Go to the line containing "Lano - lips" in the material below. From there to the end, retype every line exactly and drop the pictures.

DATA PROVIDED Block Start

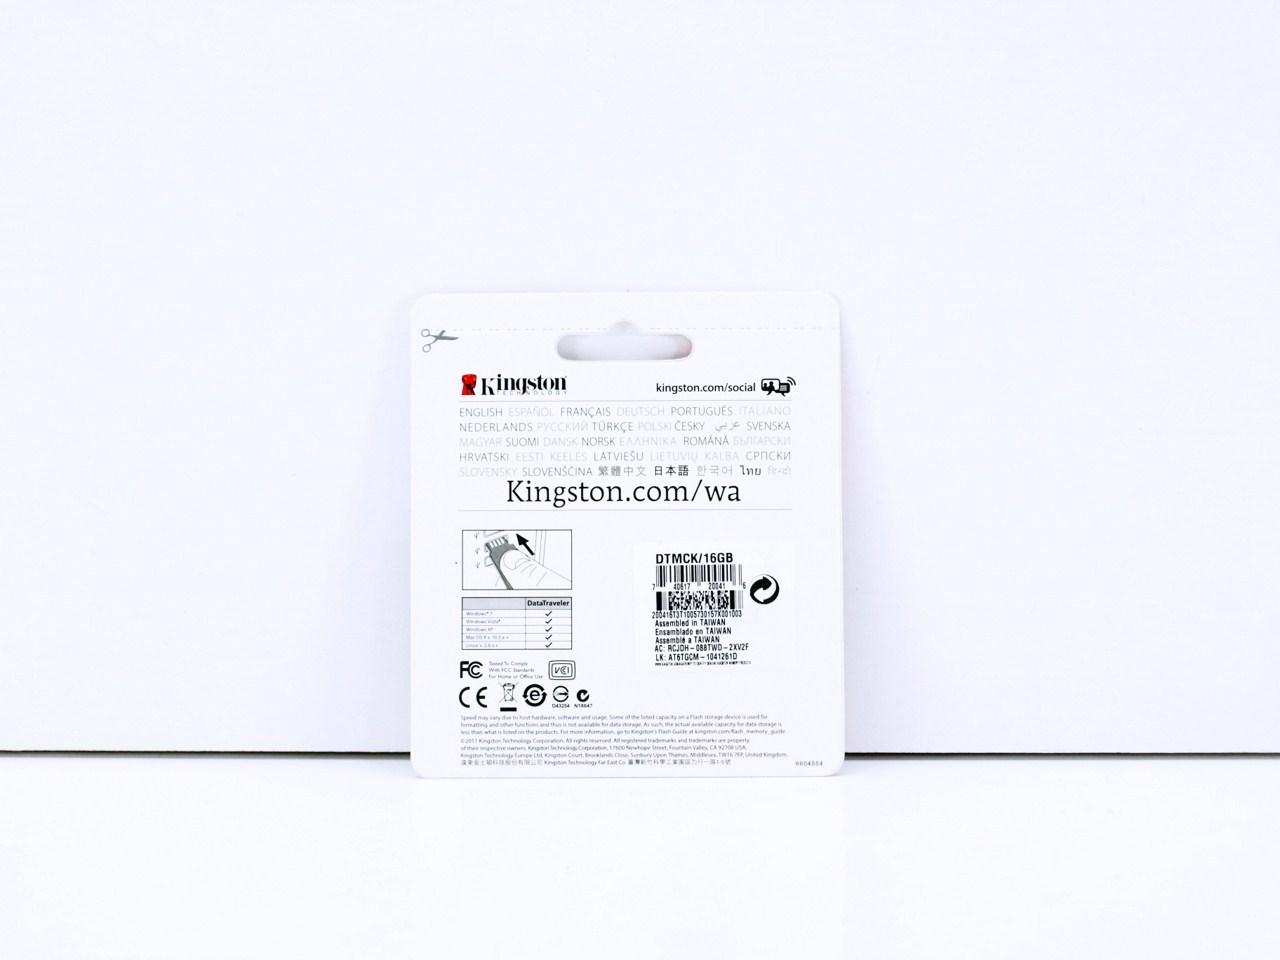 kingston datatraveler micro 16gb usb 2 0 flash drive review. Black Bedroom Furniture Sets. Home Design Ideas
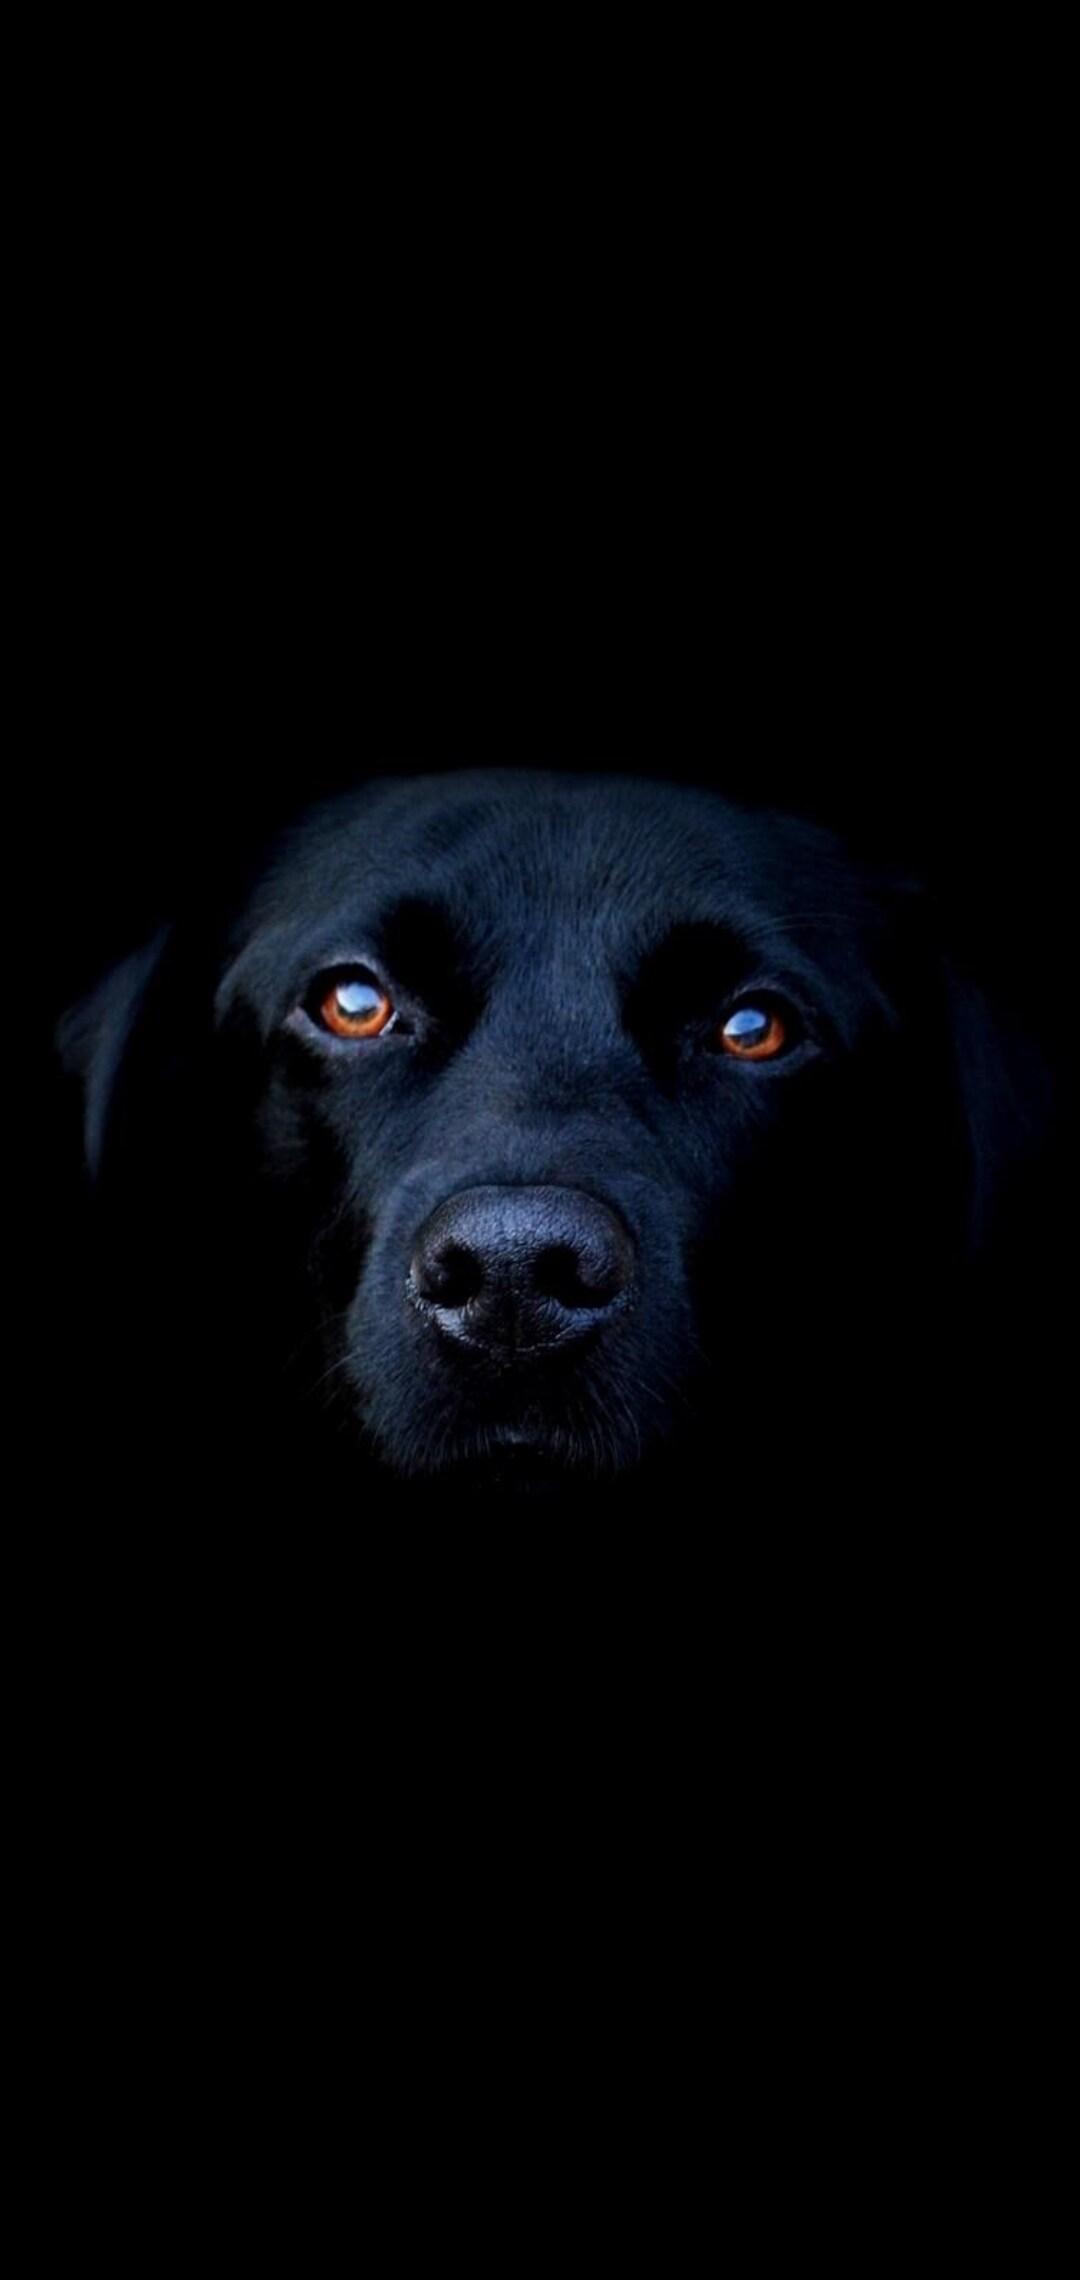 black-dog-image.jpg
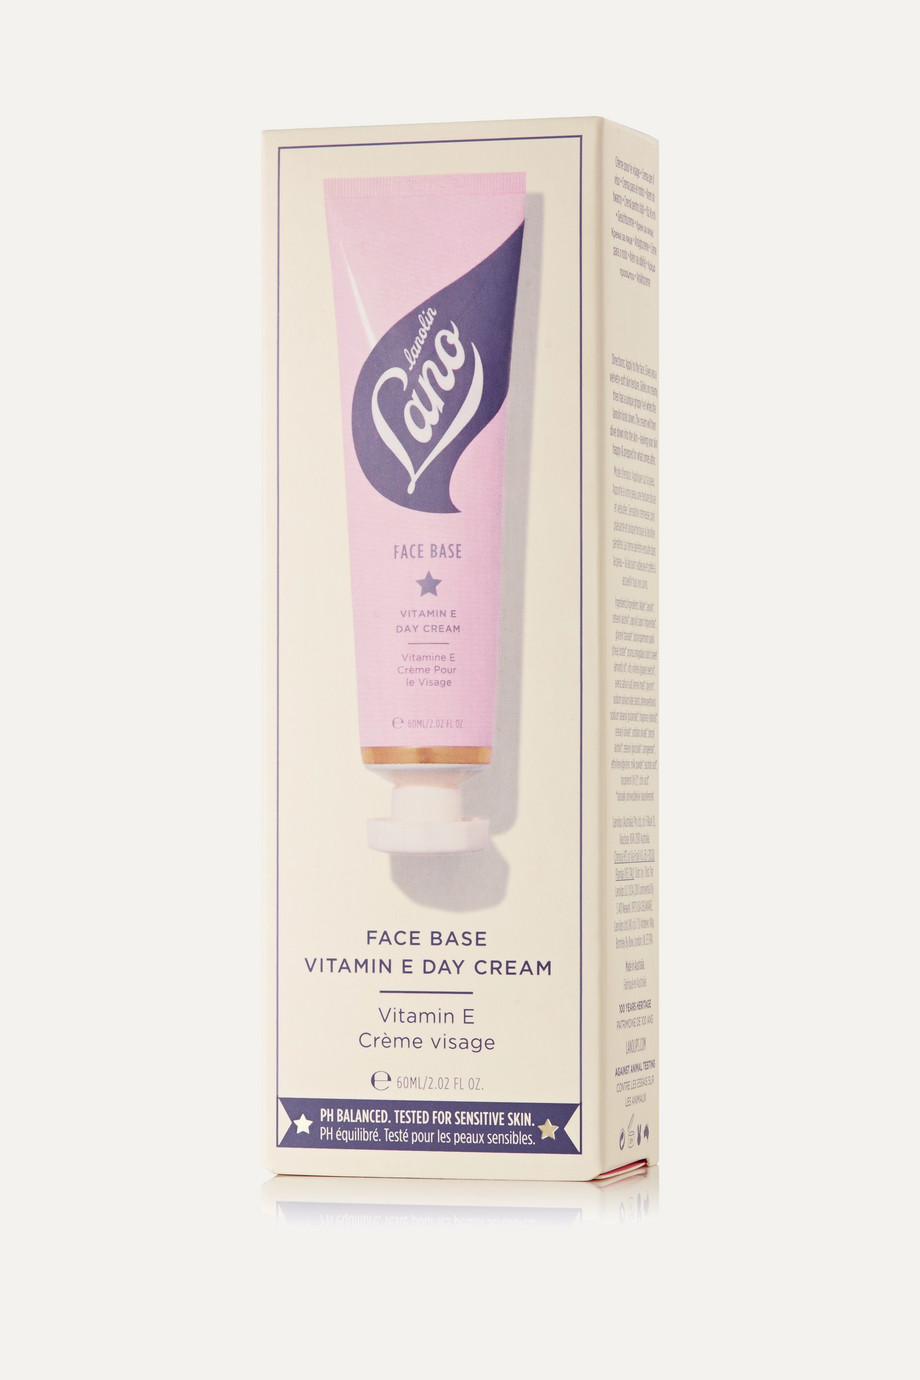 Lano - lips hands all over Face Base Vitamin E Day Cream, 60ml
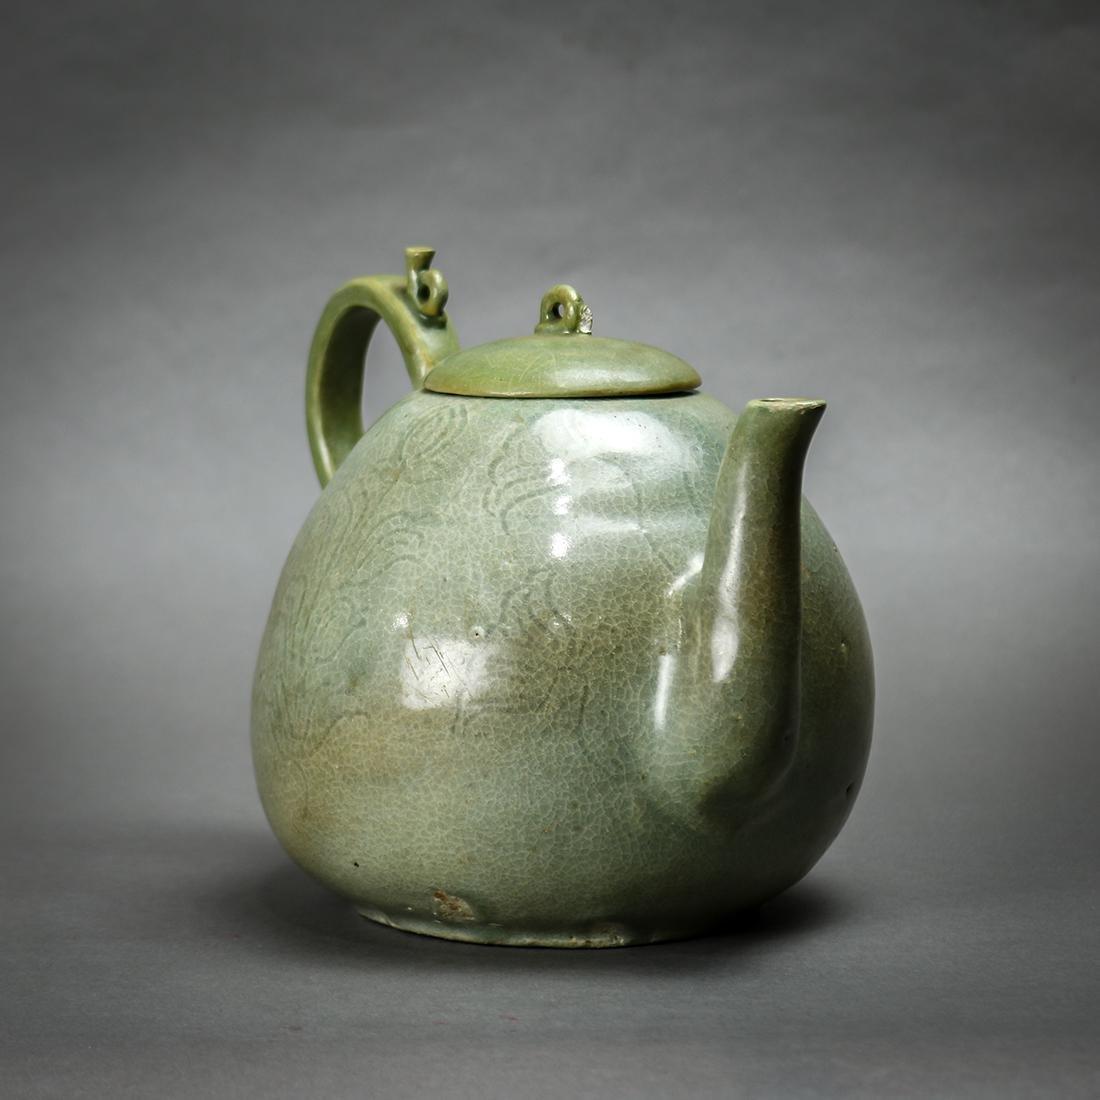 Korean Celadon Ceramic Teapot - 3

DATA PROVIDED Block End

→ **RESULT FOR THIS TASK**
 Lano - lips hands all over Face Base Vitamin E Day Cream, 60ml
 Korean Celadon Ceramic Teapot - 3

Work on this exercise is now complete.